*What is expected*. A faithful, picture-free copy of the listing below is required.

*Dataset section*.
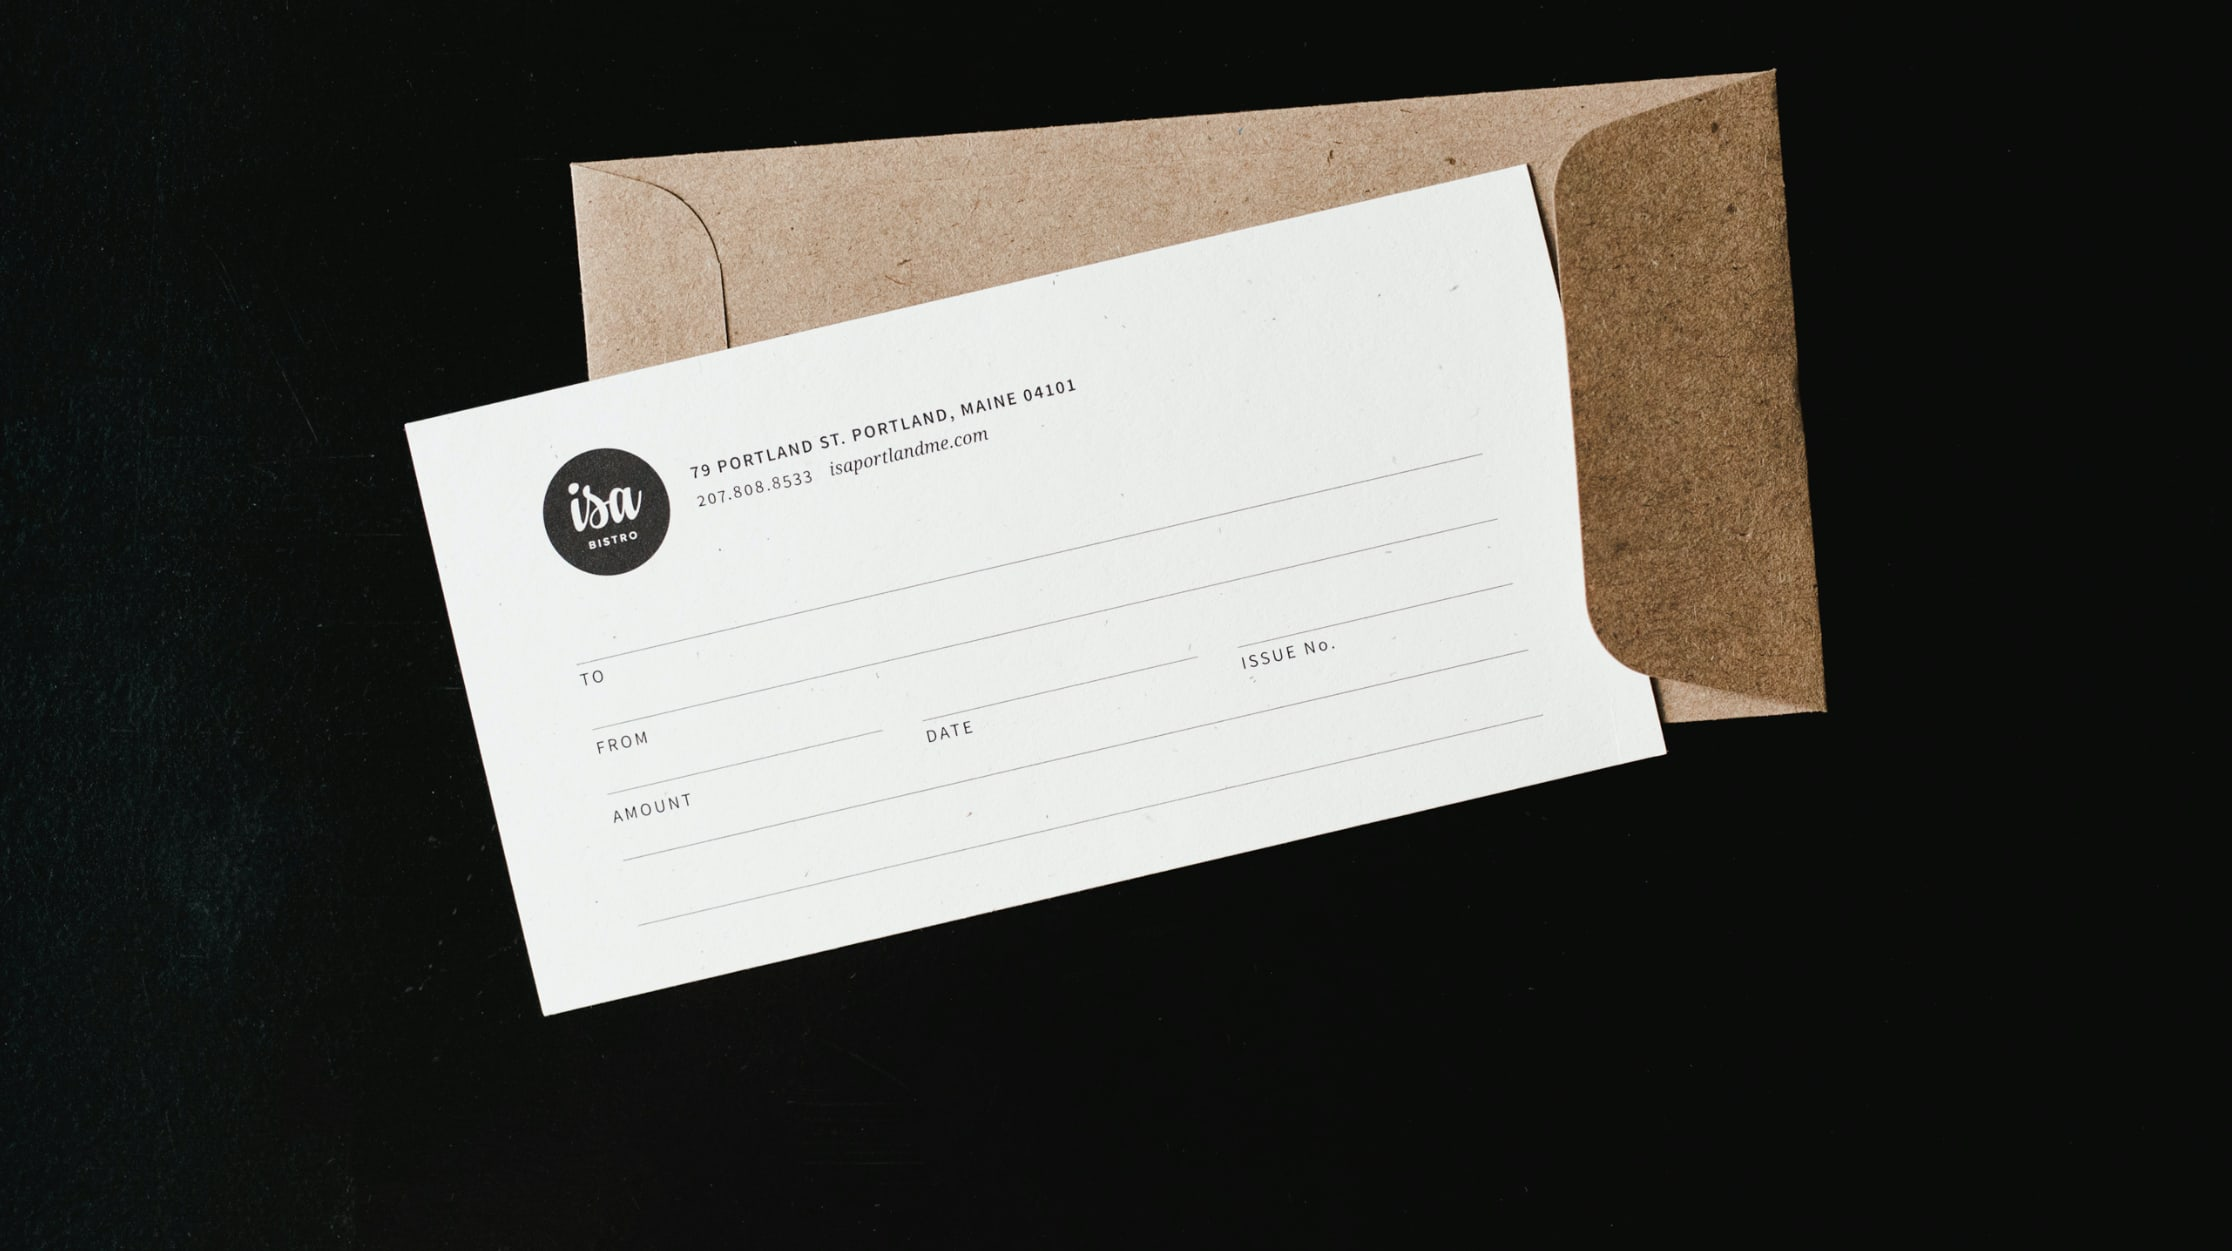 Isa Bistro gift certificate
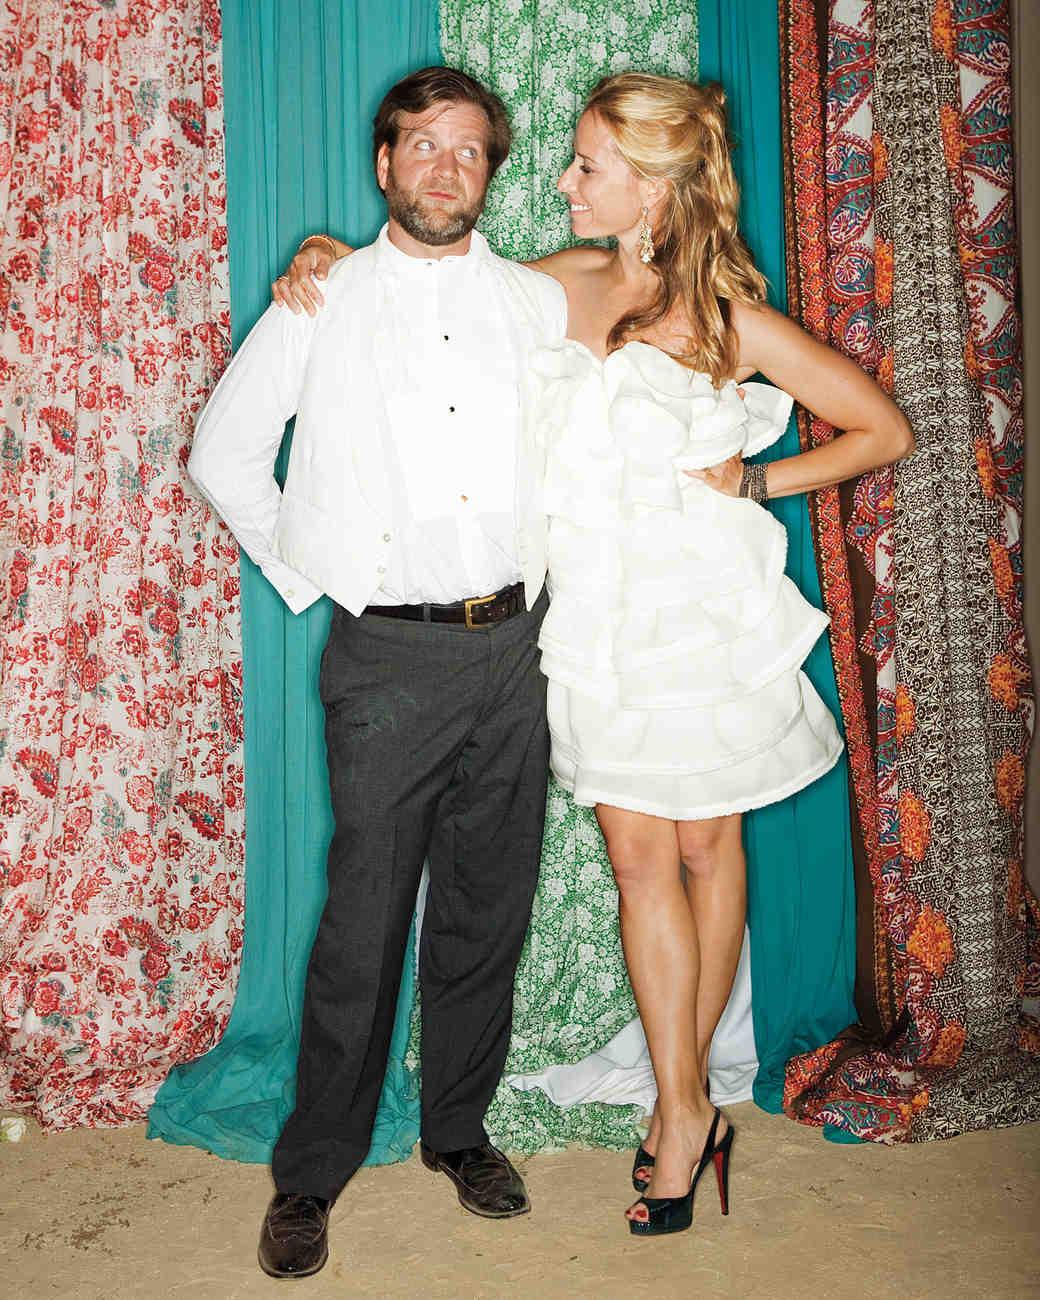 Bride in Short Flouncy Wedding Dress
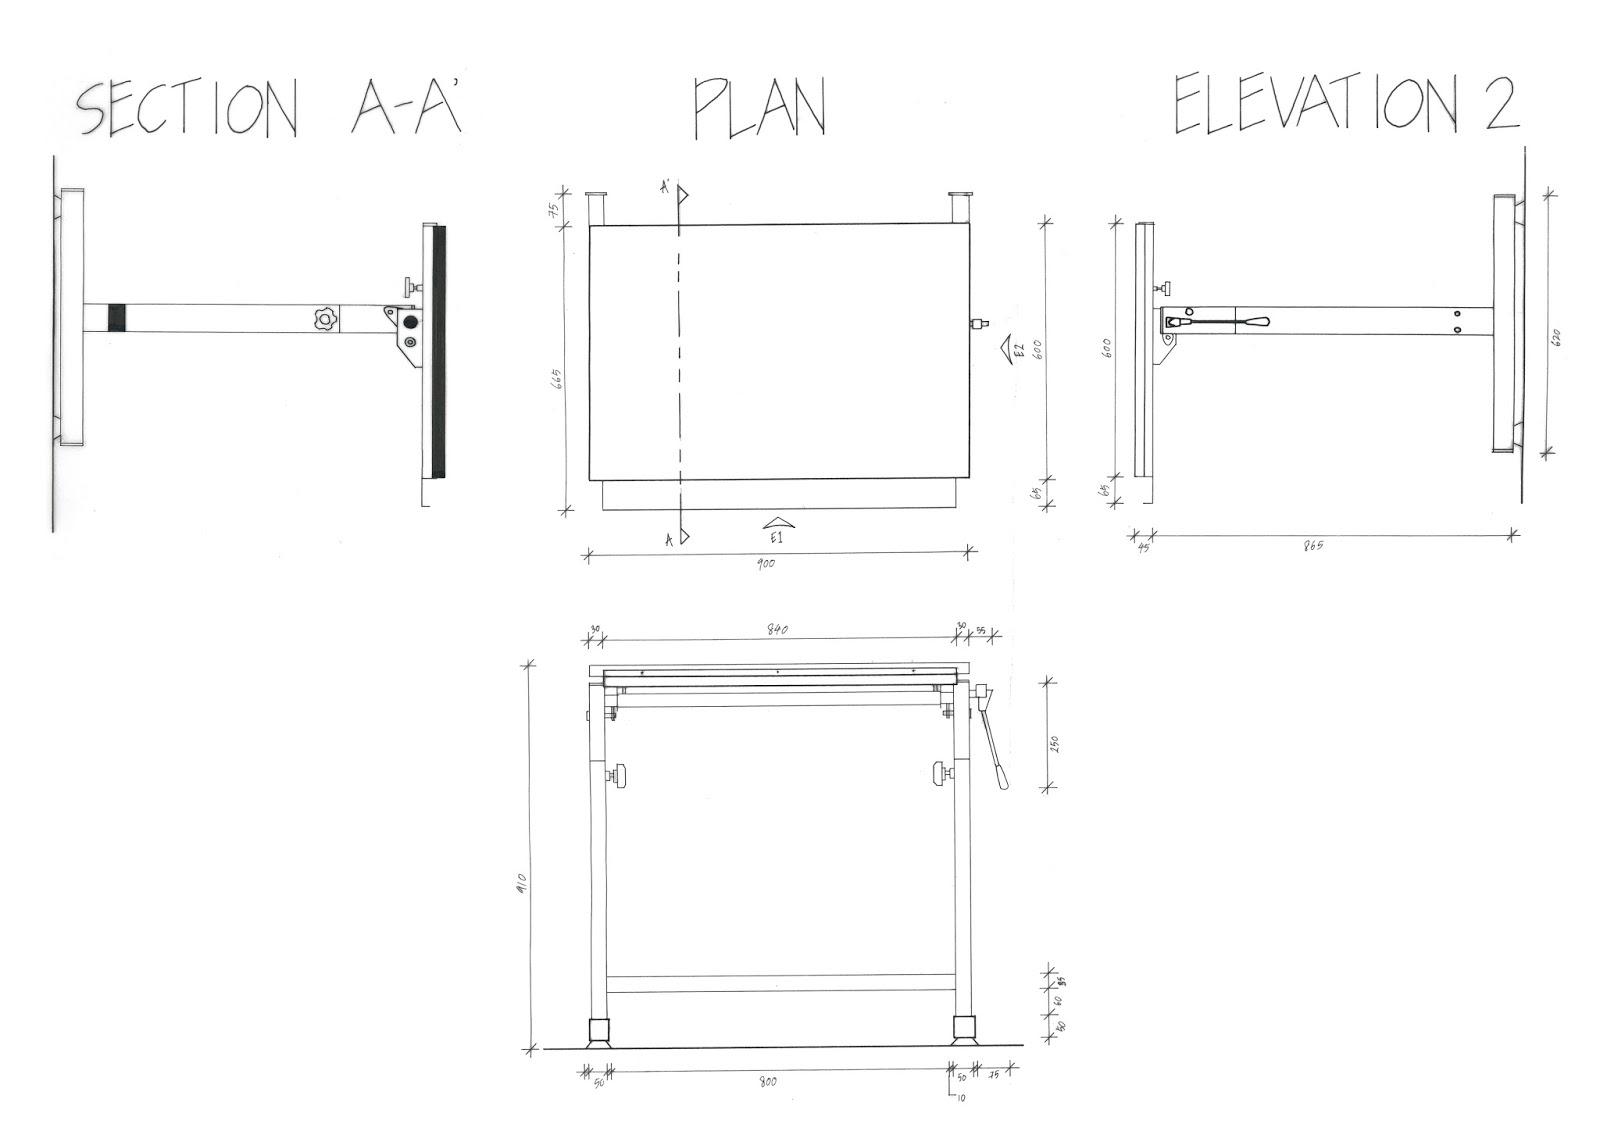 Rui Ying S E Portfolio Dcomm Project 2a Orthographic
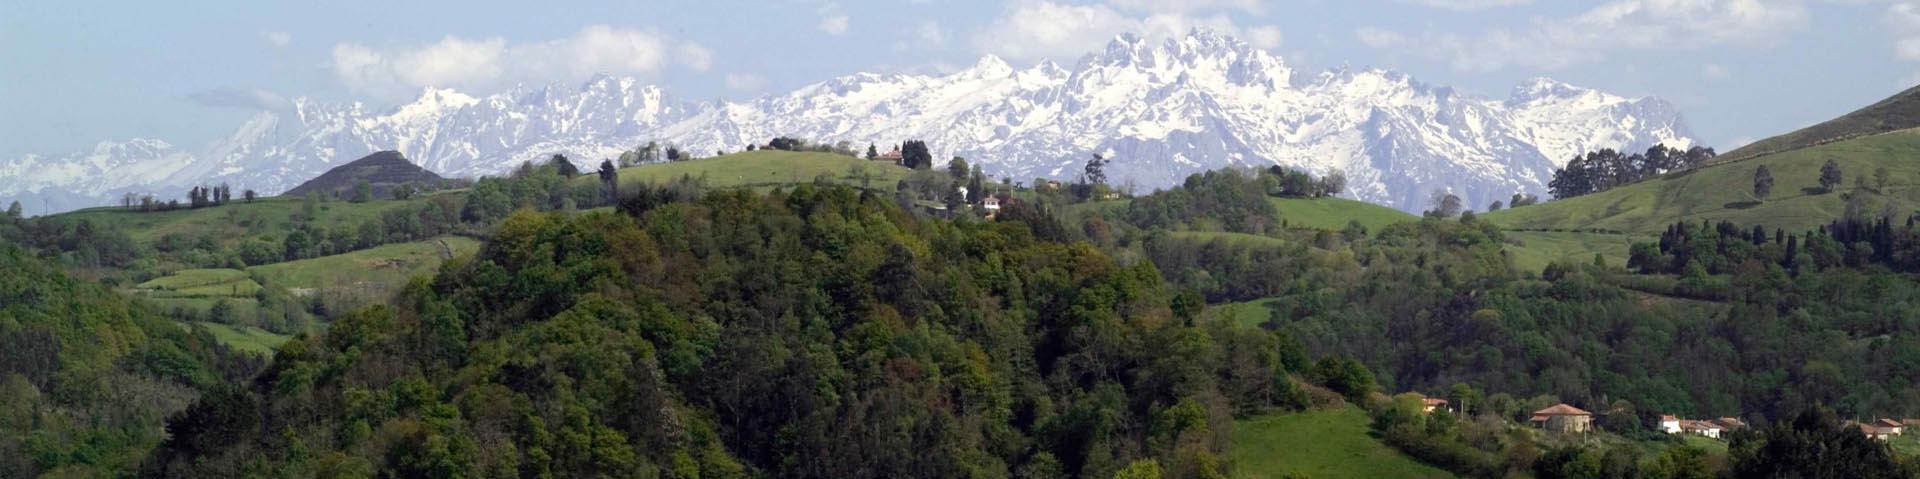 La comarca de la sidra con Picos de Europa al fondo

*Response below*.
 Isa Bistro gift certificate
 Bride in Short Flouncy Wedding Dress
 Rui Ying S E Portfolio Dcomm Project 2a Orthographic
 La comarca de la sidra con Picos de Europa al fondo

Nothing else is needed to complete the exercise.